The paper mentions that it provides practical guidance to design the neural network, including the network size, smoothness level and so on. Though it is a theoretical work, some empirical results would significantly demonstrate the usefulness of the paper. I would recommend authors run some simulations to show how the theoretical results guide the design of neural networks. For example, under what scenarios, the errors are optimally controlled?

The theoretical results are interesting. Can the authors highlight the difficulties and summarize the new ways of proof if there are? This could be a huge contribution to the statistical learning community. I didn't see the challenges from my end and all seem to be standard.

问题

What is p_data on Line 122?

Authors need to check all the parenthetical and narrative citations throughout the whole paper. Many were mis-used. For example, Line 316 should be parenthetical citation.

Definition of neural network class is already given in Tang and Yang, 2024 (AISTATS). Authors need to reference it or directly call it from the citation.

In remark 1, can authors discuss the case when alpha_X>1? What does this mean to the minimax rate?

In Remark 2, can the authors clarify why D_Y need to satisfy this condition to have the first term dominate the second one?

Rong Tang and Yun Yang. Adaptivity of diffusion models to manifold structures. 27th International Conference on Artificial Intelligence and Statistics, 2024.

评论

Point 1: simulation and practical guidance.

Reply: Thank you for your valuable suggestions. We have included a simulation in our paper, which can be found in Appendix A of the supplementary material. Please see our global comment for more details.

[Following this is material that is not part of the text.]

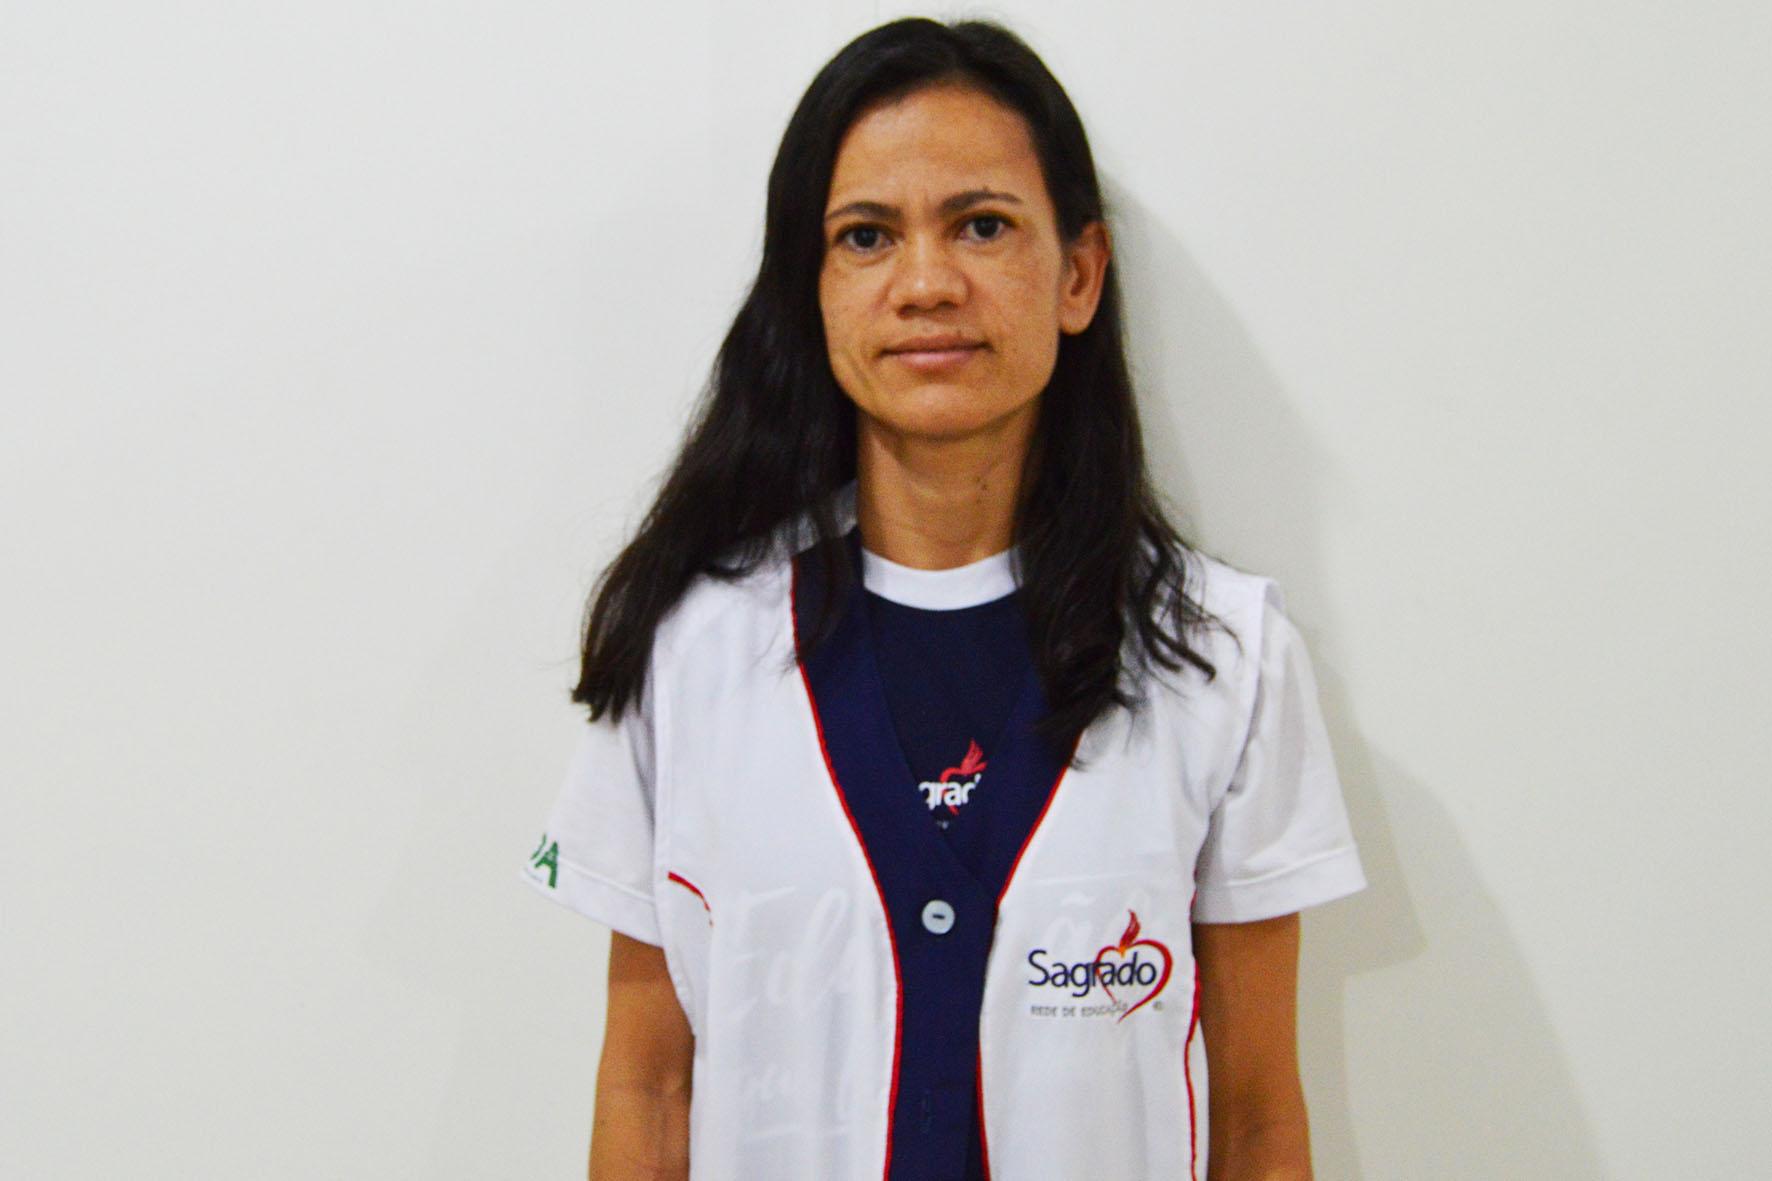 MARILENE DE ARAUJO SILVA MELO

Point 2: Technical difficulties.

Reply: One main technical challenge in extending the analysis from the unconditional case to the conditional case is developing new analytical approaches to bound the approximation error of the conditional score function using neural networks due to the inclusion of the extra covariate variable XMXX\in\mathcal M_X. In particular, as we assume the support of YX=xY|X=x to be a general, unknown nonlinear submanifold MYX=x\mathcal M_{Y|X=x} dependent on the covariate value X=xX=x, the task of handling unknown supports for the conditional distributions requires us to deal with infinitely many unknown and nonlinear submanifolds MYX=x\mathcal M_{Y|X=x} with xMXx\in \mathcal{M}_X. This poses a significant technical challenge that we tackle in our work. In particular, we need to partition the joint space M\mathcal{M} of (X,Y)(X,Y) into small pieces with varying resolution levels in XX and YY, tailored to times tt: the resolution level in YY should decrease with increasing tt, reflecting the diminished importance of finer details in YY due to noise injection over time; while the resolution level in XX should increase with tt, emphasizing the growing significance of the global dependence on XX as finer details in YY are smoothed out.

Point 3: What is pdatap_{data} on Line 122?

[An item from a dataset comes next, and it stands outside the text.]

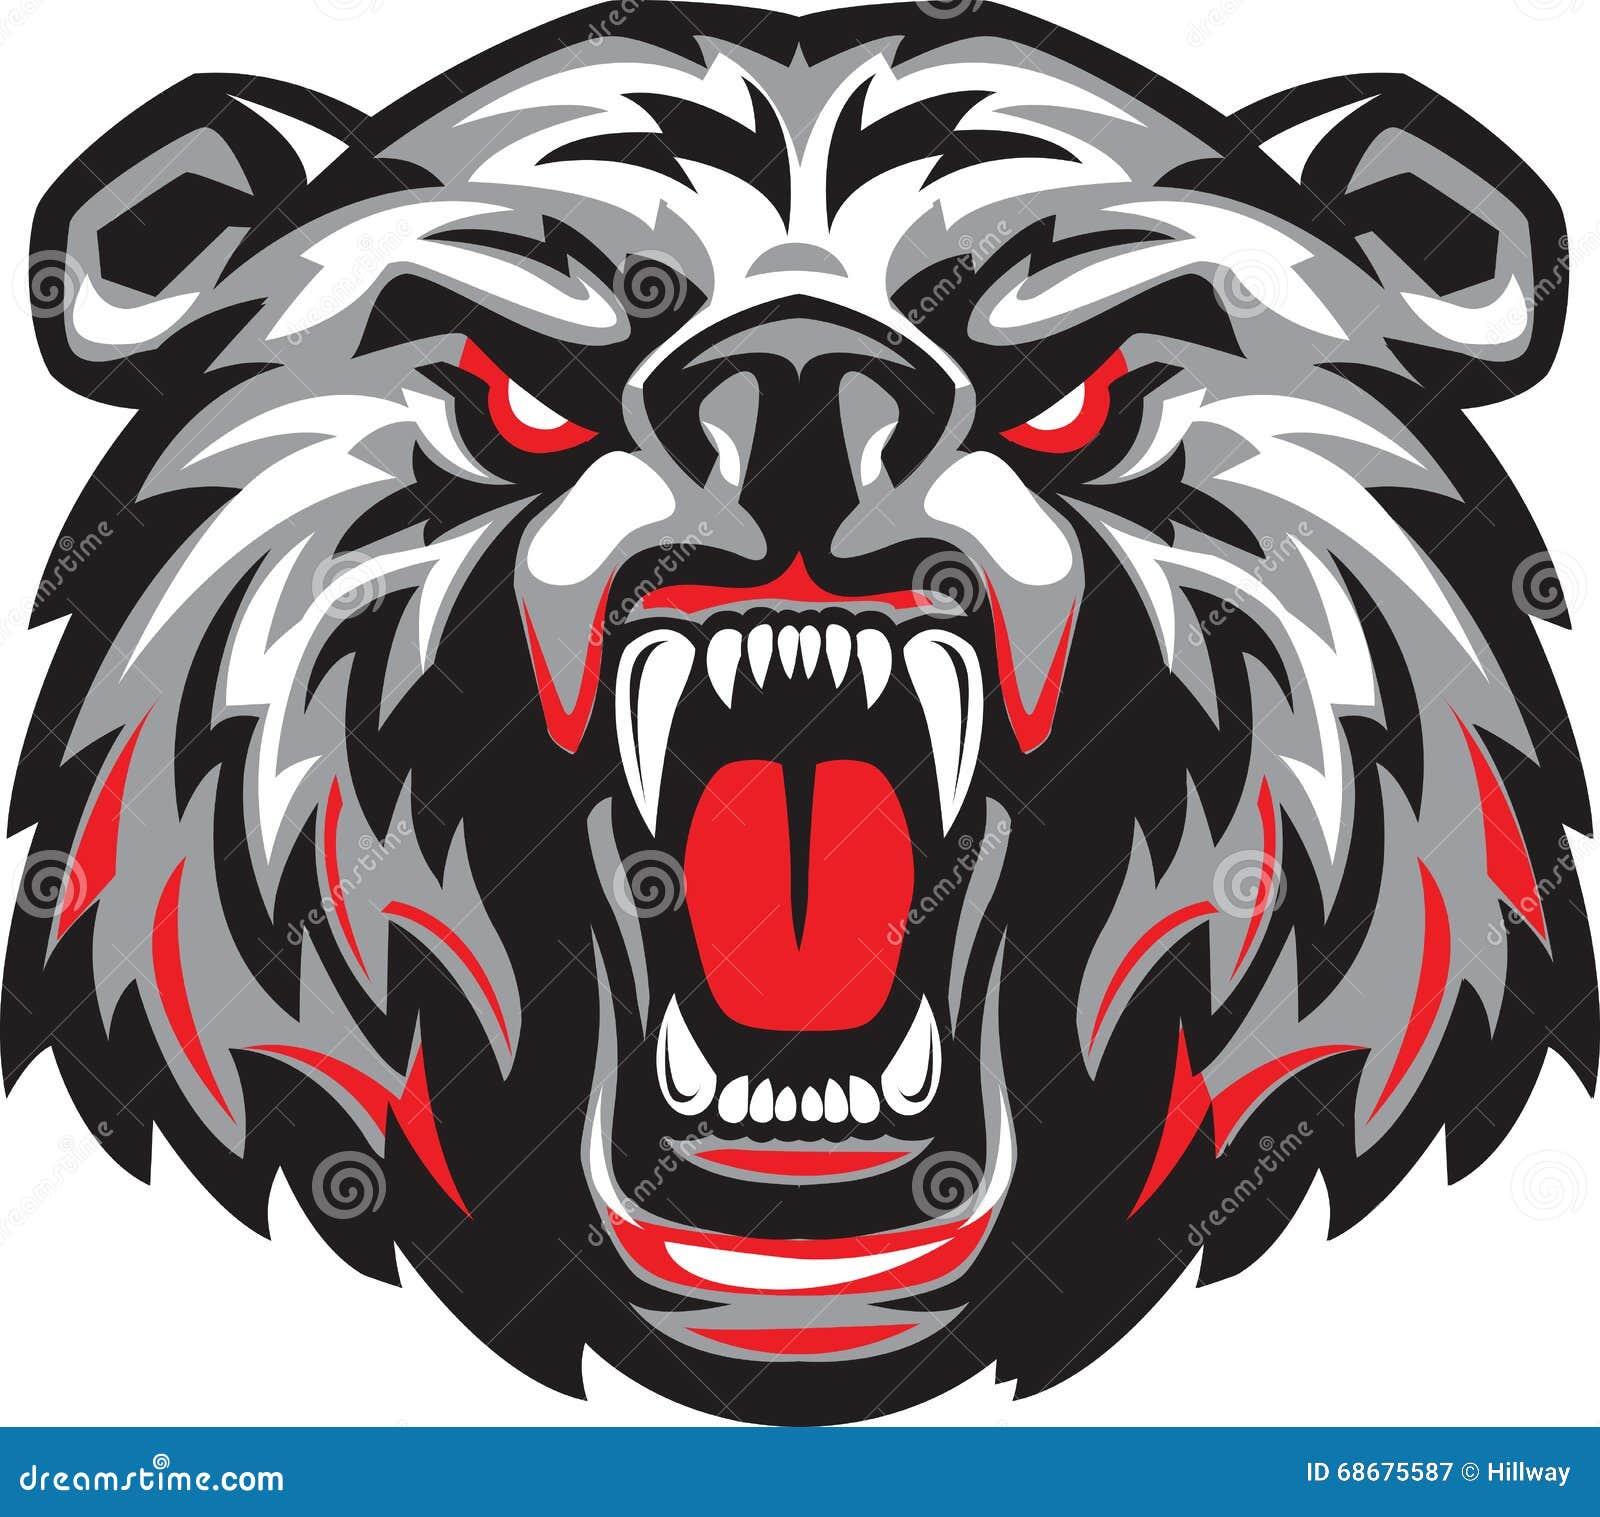 Angry Bear Logo ~ Logo Templates on Creative Market

Reply: Apologies for the confusion; there was a typo. The term pdatap_{\rm data} should refer to the target distribution, which is correctly denoted as μ\mu^*.

Point 4: In remark 1, can authors discuss the case when αX>1\alpha_X>1? What does this mean to the minimax rate?

Reply: The rate is strictly decreasing in terms of αX\alpha_X, so allowing for a larger αX\alpha_X can lead to a faster convergence rate. We expect that a similar phenomenon to occur in the minimax rate as well.

Point 5: In Remark 2, can the authors clarify why DYD_Y need to satisfy this condition to have the first term dominate the second one?

Reply: Since the two terms are n12+DXαXandn1+1αY2+DXαX+DYαY,n^{-\frac{1}{2+\frac{D_X}{\alpha_X}}}\quad \text{and}\quad n^{-\frac{1+\frac{1}{\alpha_Y}}{2+\frac{D_X}{\alpha_X}+\frac{D_Y}{\alpha_Y}}}, the transition boundary is 1αYDYαY=1DY=12+DXαX\frac{\frac{1}{\alpha_Y}}{\frac{D_Y}{\alpha_Y}}=\frac{1}{D_Y}=\frac{1}{2+\frac{D_X}{\alpha_X}}. Thus the dominant term is n1+1αY2+DXαX+DYαYn^{-\frac{1+\frac{1}{\alpha_Y}}{2+\frac{D_X}{\alpha_X}+\frac{D_Y}{\alpha_Y}}} if DY2+DXαXD_Y \geq 2+\frac{D_X}{\alpha_X}; and the dominant is n12+DXαXn^{-\frac{1}{2+\frac{D_X}{\alpha_X}}} if DY2+DXαXD_Y\leq 2+\frac{D_X}{\alpha_X}. The underlying reason for this transition is that a larger DYD_Y increase the complexity of estimating the conditional density of YY, making the task of conditional distribution estimation (distribution regression) in Wasserstein distance more challenging than nonparametric mean regression.

Other comments.

Thank you for pointing out these important issues. We will address them in the revised version of our main text.

审稿意见
6
  • The paper presents a derivation of the estimation error bound for the diffusion models with sampling guided by the covariate regressor. The authors closely build upon the methodology from Oko et al 2023 https://proceedings.mlr.press/v202/oko23a/oko23a.pdf who explored the statistical learning theory for diffusion models via score matching estimators and proved nearly minimax optimal estimation rates in total variation and Wasserstein metric of order 1 for fully connected neural-networks (including suggestions on generalisation to U-nets and ConvNets).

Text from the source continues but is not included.